On the evening of Wednesday, July 16, Amberly Stokes received a dire text message while tending bar at Rosa’s Lounge, a blues club in the Logan Square neighborhood of Chicago.
Stokes, a young, unsung hero of the blues, relayed the info to the man on stage, harmonica great Sugar Blue, best known for blowing harp on the Rolling Stones’ 1978 smash, “Miss You.”
Blue—born James Whiting in Harlem in 1949—announced the as-yet-unconfirmed report from the stage.
And club owner and drummer Tony Mangiullo, in his office on the second floor of the juke named for his mother, heard it through the floorboards.
The great blues guitarist Johnny Winter was dead.

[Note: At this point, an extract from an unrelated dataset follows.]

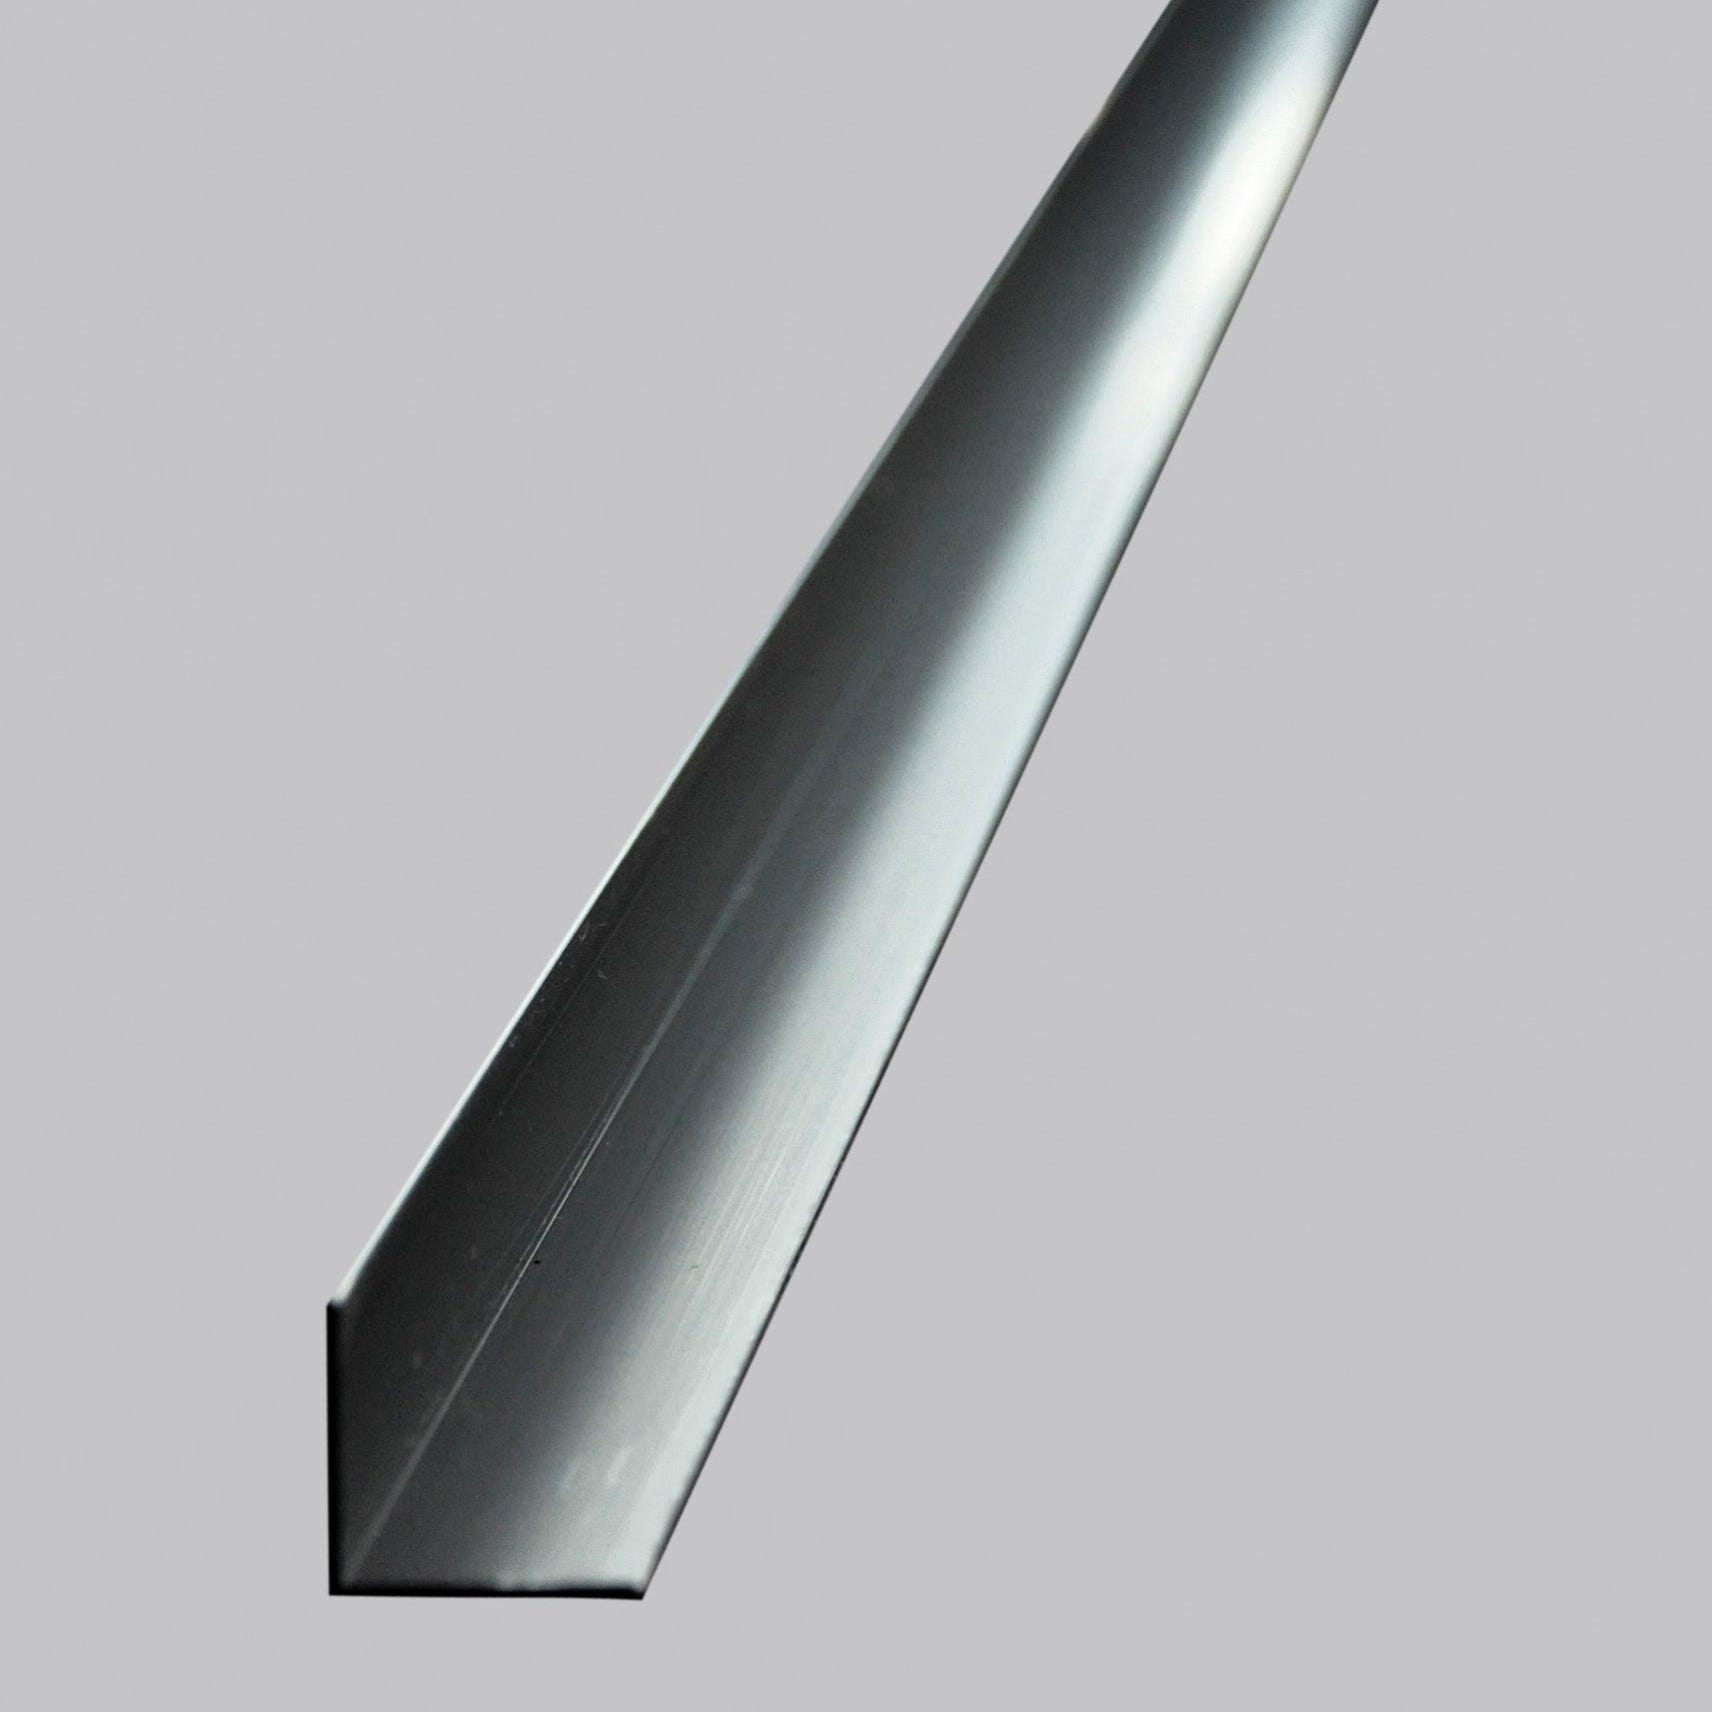 CORNIERE PVC BLANC 20 X 20 X 1.5 - 2.6 M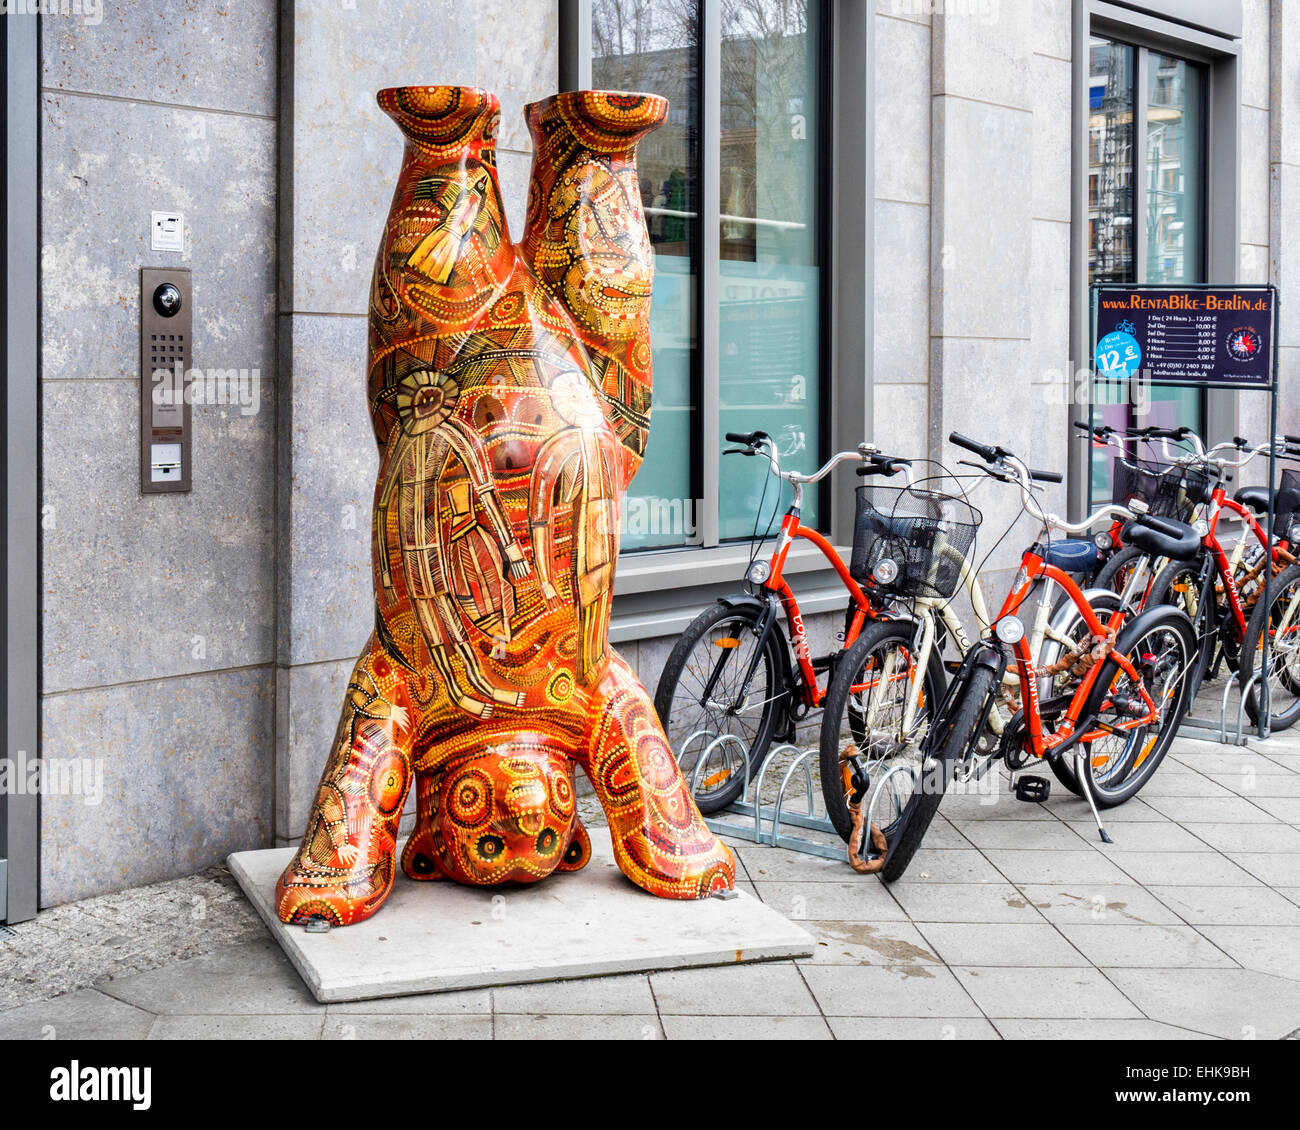 Buddy Bär - bunte lebensgroße Fiberglas Skulptur zunächst in Berlin gesehen außerhalb Geschäfte und Hotels, Deutschland entwickelt. Stockfoto

“Boom—gone!” said Mangiullo, standing outside of the West Armitage Avenue club a few days after Winter, 70, died on tour in Switzerland. “When I was growing up back in Milan, Johnny was part of my introduction to the blues.”
Around the world, a million middle-aged music fans—people like me, a 56-year-old who came of age when blues/rock bands like Foghat sold out baseball stadiums—were saying the same thing.
I’d heard “I Can’t Quit You Baby” on the first Zeppelin album in high school with no idea who Willie Dixon was and was walloped by Johnny’s sonic take on “Rock Me Baby”—without knowing it was one of the most covered blues compositions of all-time—on the Still Alive & Well LP.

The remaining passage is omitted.